3. To ‘Flix or not to ‘Flix? That is the question
As much as we get nostalgic over the endangered species known as the mom-and-pop video store, Netflix and other on-demand and movie-rentals-by-mail services are the more time- and cost-effective option for frequent at-home movie watchers. With its flat monthly rate and no late fees, Netflix is the all-you-can-eat buffet of home entertainment — but you need to work just a little for the service to work in your favor. And by work we mean watch a movie soon after you receive it and then return it in the mail soon after that. If you receive a movie from Netflix and let it sit around collecting dust for three weeks before watching it and then take a few days to drop them it in the mail, then the money-saving perks are minimal. However, if you watch the DVDs as soon as you get them and return them poste-haste, then you’re truly getting the most bang for your buck.
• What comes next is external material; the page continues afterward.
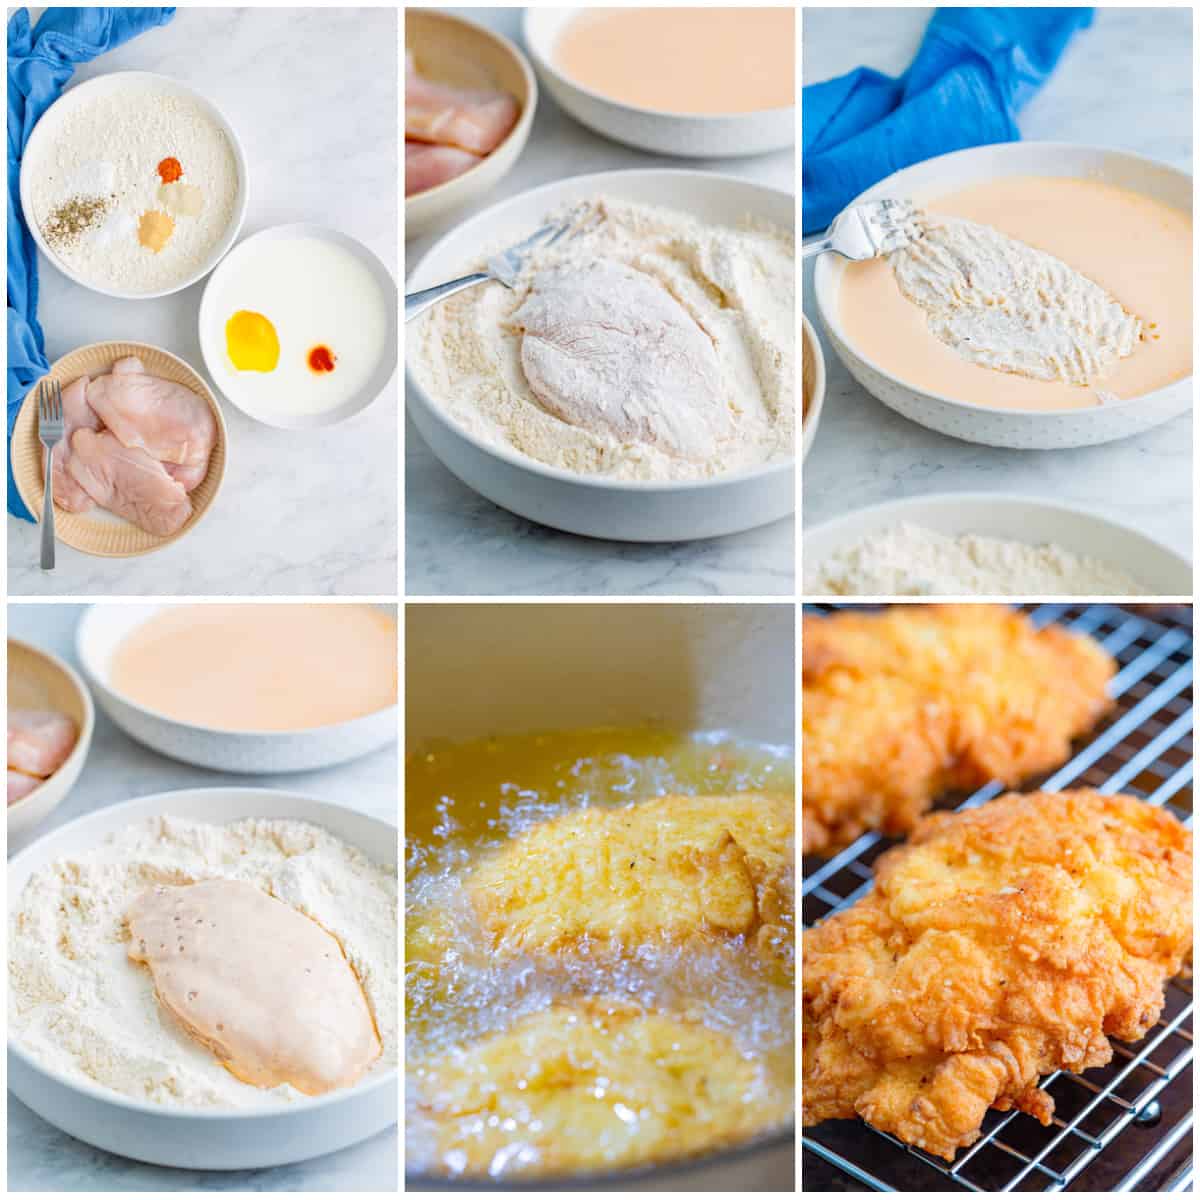 Step by step photos on how to make a Crispy Chicken Sandwich

On top of that, Netflix’s streaming “Watch Instantly” feature allows for even more cinematic consumption for a flat rate. But be warned, that navigating the random, rotating selection of available films requires a bit of patience and finesse in order to find a title that you really want to watch. But really, at what brick-and-mortar video store can you find “The Garbage Pail Kids Movie” and “Annie Hall” on the same shelf?
Although Netflix’s movies-in-the-mail component doesn’t offer the instant gratification that the “Watch Instantly” feature does, the time you’d spend driving to a video store and aimlessly wandering down the aisles looking for something suitable — after discovering all the copies of the new release that you’re after are out — becomes a thing of a past. True, fiddling around with your Netflix queue does take some time, but that’s what slow days at work are for.
4. A quick fix
Have you ever found yourself running late to work because everyone in line ahead of you at Starbucks was ordering five complicated, fussy drinks and then taking their sweet time to pay while flirting with the barista? Save yourself the agonizing time spent waiting in line for your fix as well as a significant amount of money by simply brewing your own coffee at home.
Sure, not everyone can replicate the fancy espresso drinks served at coffee shops, but if you’re just after a regular cup of fuel, make it yourself. Plus, there’s nothing quite like multitasking in the morning while the invigorating aroma of coffee fills your kitchen. Heck, you can probably shower, dress and eat breakfast in the time you’d spend parking your car and waiting in a daunting, morning rush line at a coffee shop.
5. Don’t drive yourself crazy
Many city dwellers opt to drive to work each day because they believe it’s quicker and more efficient than taking public transportation or biking. When you consider the time spent in traffic and hunting for parking (not to mention all the time you spent complaining to co-workers, your spouse and your therapist about gridlock and the lack of parking spots) then relying on mass transit or a bike makes perfect sense.
For urbanites, not driving is obviously a much cheaper and eco-friendly way to get from point A to point B. And then there are the numerous, important side benefits of not getting behind the wheel. Biking, for example, is an excellent form of exercise and can help you achieve that “gym body” without spending time at or money on a gym. And taking a train or bus allows you to do all sorts of things that you wouldn’t be able to do while driving like reading the morning paper or a magazine and interacting with/gawking at your fellow straphangers.